Negli ultimi anni, in America, il tema dell’immigrazione, o più in generale delle politiche migratorie, è diventato una delle questioni politiche più dibattute. Nelle elezioni del 2016, il 70% dell’elettorato lo ha valutato come elemento determinante. Negli Stati Uniti, l’ultima riforma strutturale in materia di immigrazione, la legge IRCA, risale a 32 anni fa e, in questo arco temporale, il sistema giuridico americano non ha prodotto cambiamenti significativi, soprattutto per quanto riguarda lo status degli immigrati privi di un titolo di soggiorno regolare.

Oggi, il 13% della popolazione complessiva degli Stati Uniti (circa 43 milioni) è costituito da persone nate oltre i confini americani. L’inaspettato arrivo di Trump alla presidenza ha avuto delle conseguenze immediate sulla condizione dei migranti ed è diventato quasi ostile da un un punto di vista dello status giuridico. Le prime misure proposte del nuovo presidente riguardavano il potenziamento della polizia di frontiera, la riduzione delle quote di migranti regolari all’anno e, come dimenticarlo, il “Muslim Ban” che ha introdotto nuove restrizioni sui visti d’ingresso per alcuni Paesi a maggioranza musulmana.

Solo qualche giorno fa l’amministrazione Trump ha rilasciato un report che molti giudicano di discutibile attendibilità e secondo il quale oltre il 70% delle persone condannate per reati legati al terrorismo, tra il 2001 e il 2016, sono nate fuori dai confini americani.

Negli ultimi anni, inoltre, nell’opinione pubblica americana si è delineata una forte polarizzazione quando si parla del tema dell’immigrazione e un grande contributo a questo processo lo ha dato il fenomeno delle fake news. Negli Stati Uniti, la maggior parte delle notizie passa attraverso i new media, quindi c’è un costante tentativo di decostruzione dei fatti per ridisegnare la realtà secondo determinate visioni politiche. Suona familiare, vero? (L’unica differenza con l’Italia in questo senso è che qui le principali fonti di informazioni rimangono quelle tradizionali – tv, radio, giornali).

Non sarebbe una sorpresa, infatti, scoprire che in America persiste un’immagine negativa dei migranti. Quasi la metà degli americani, secondo le più recenti statistiche, ha affermato che l’immigrazione verso gli USA dovrebbe diminuire. L’ostinazione a collegare l’immigrazione al terrorismo, quindi, non era solo materiale esclusivamente da utilizzare in campagna elettorale, ma si è purtroppo materializzata in provvedimenti effettivi e misure reali. Proprio come la questione dei Dreamers.

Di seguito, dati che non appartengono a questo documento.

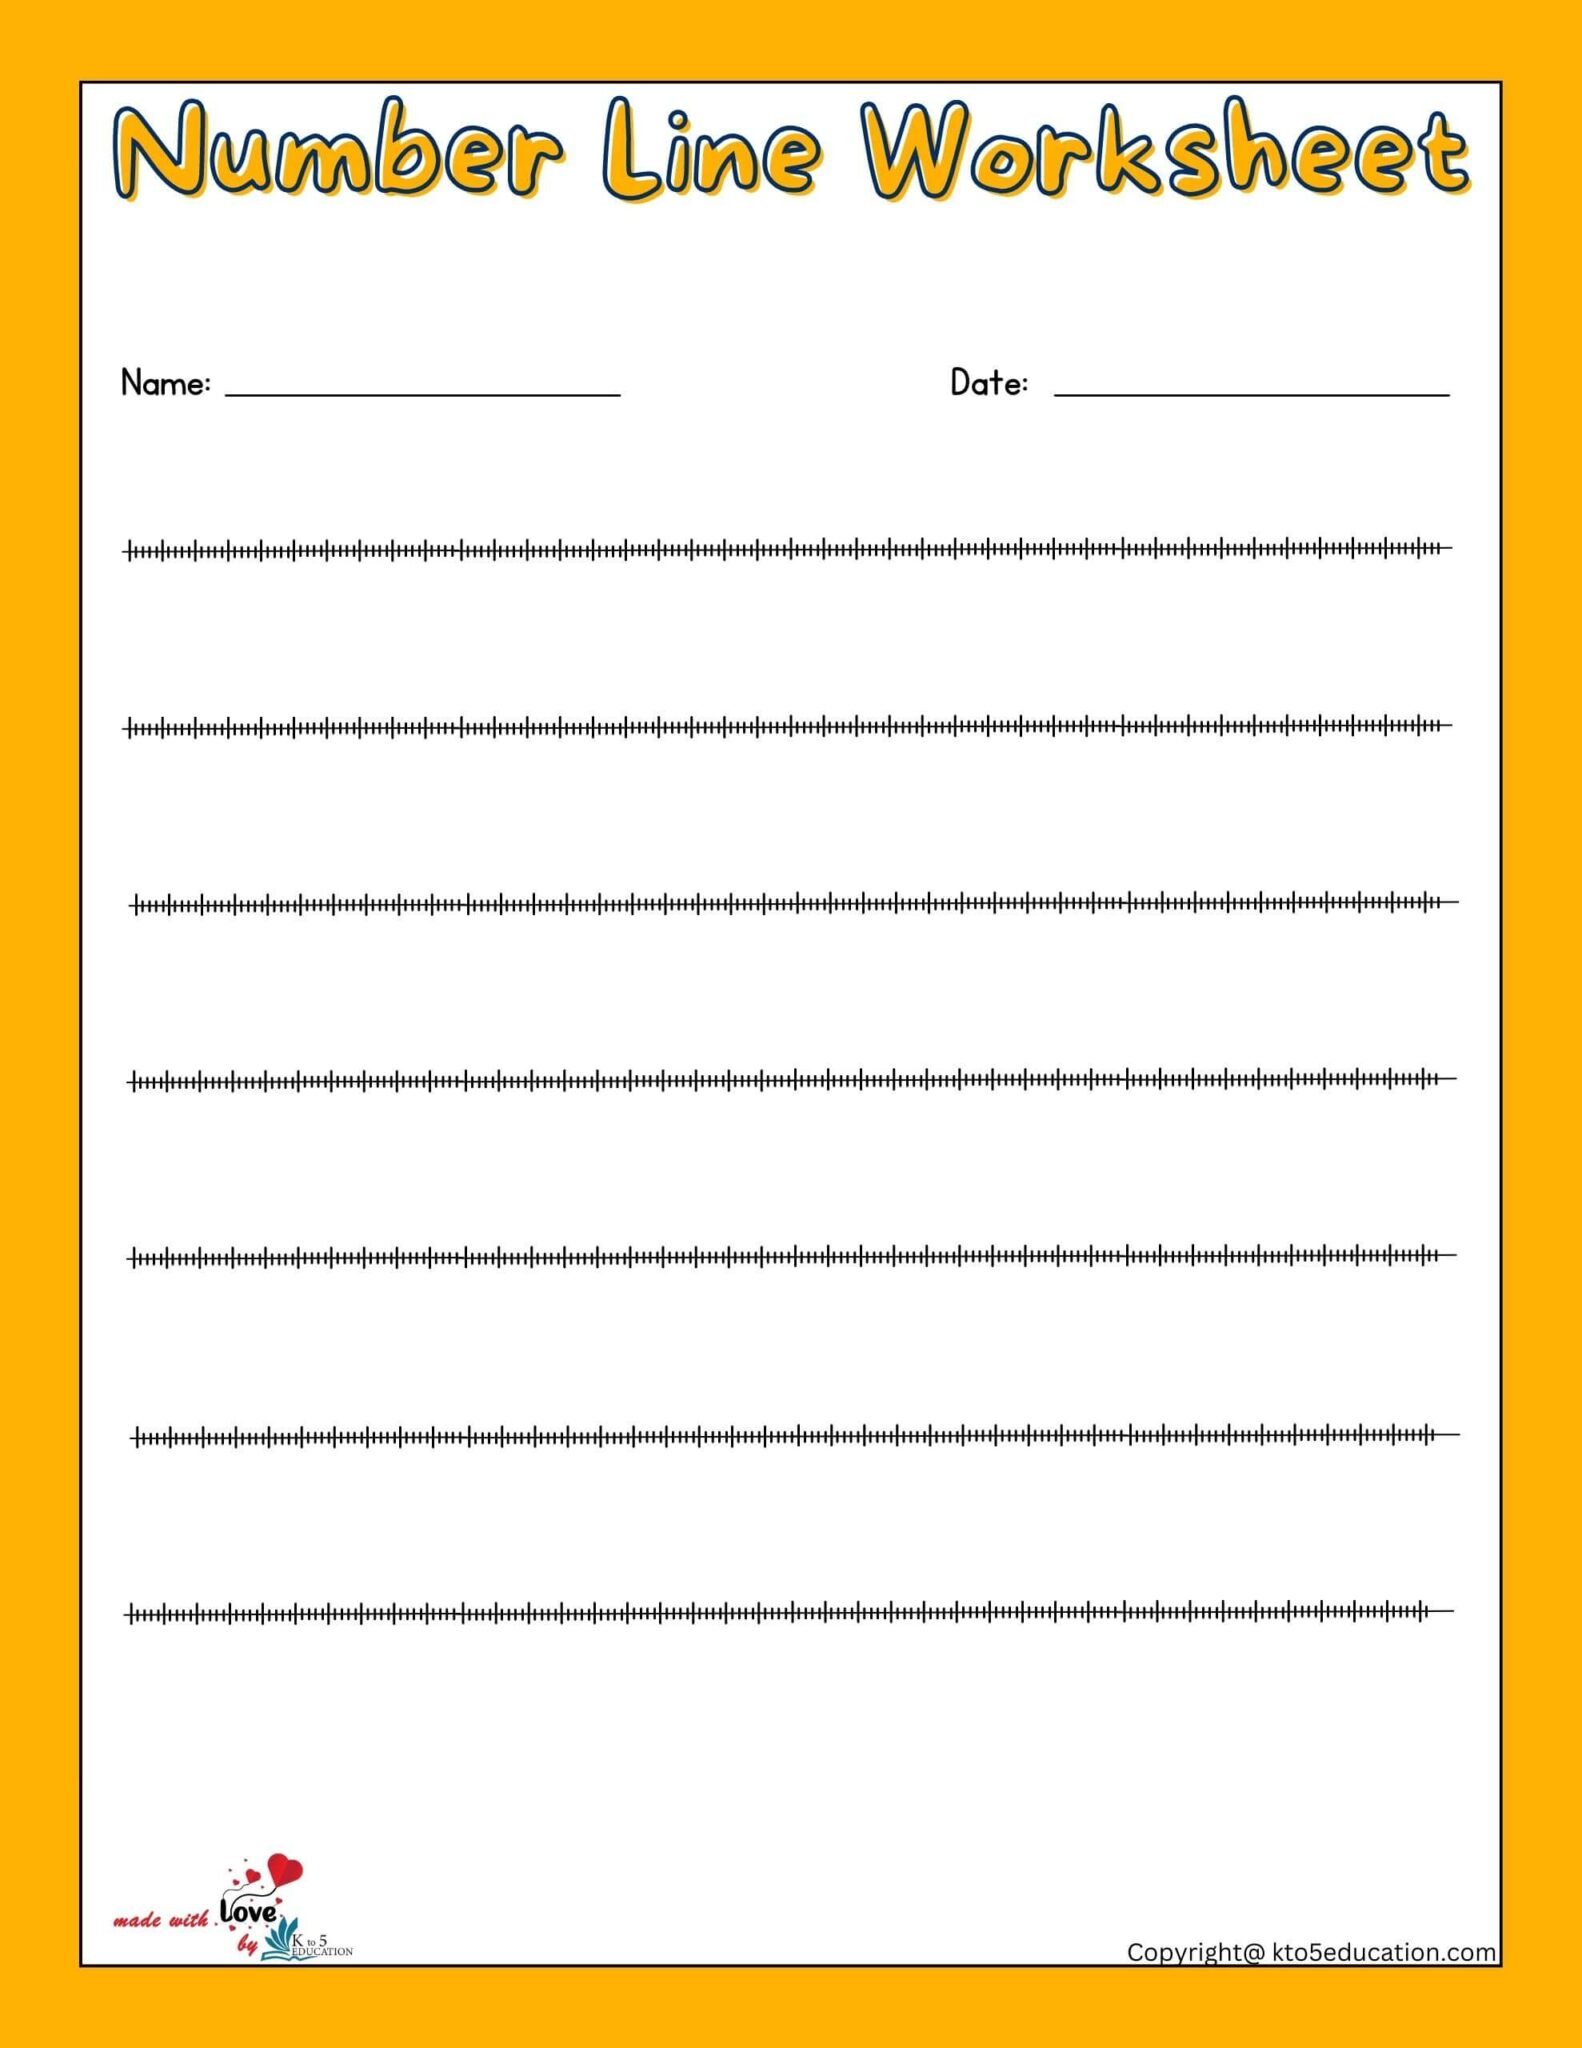 free-blank-number-lines-worksheet-1-200-free-download
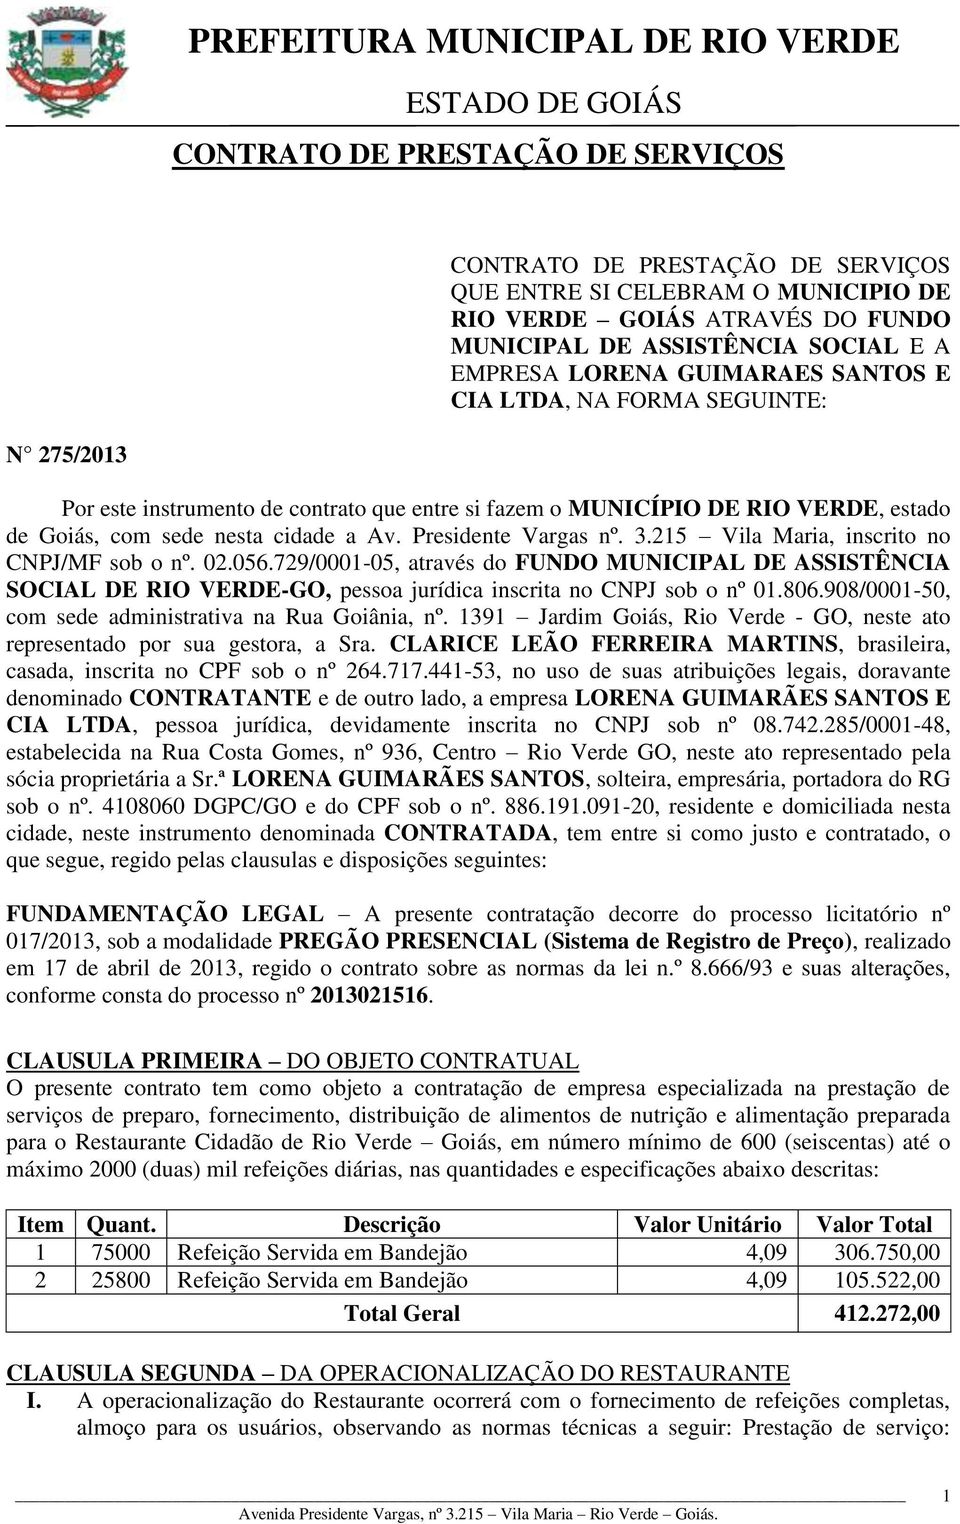 215 Vila Maria, inscrito no CNPJ/MF sob o nº. 02.056.729/0001-05, através do FUNDO MUNICIPAL DE ASSISTÊNCIA SOCIAL DE RIO VERDE-GO, pessoa jurídica inscrita no CNPJ sob o nº 01.806.

Uno dei provvedimenti esecutivi più interessanti introdotti dalla precedente amministrazione è stato il DACA, “Deferred Action for Childhood Arrivals”. Si tratta di un programma federale, fortemente voluto da Obama e messo in atto nell’ormai lontano 2012, che mira a tutelare tutte quelle persone arrivate da minorenni (under 16) negli Stati Uniti, accompagnati da genitori irregolari: i cosiddetti Dreamers (che prendono il nome da un disegno di legge mai approvato e presentato dal Congresso americano nel 2001, il “DREAM Act – Development, Relief and Education for Alien Minors”). Grazie a questa misura normativa, 800 mila giovani hanno visto concretizzarsi la possibilità di restare negli Stati Uniti per scopi di lavoro o studio e a loro venivano garantiti un permesso di lavoro, la possibilità di studiare e una protezione dall’espulsione per un periodo di due anni (e rinnovabile).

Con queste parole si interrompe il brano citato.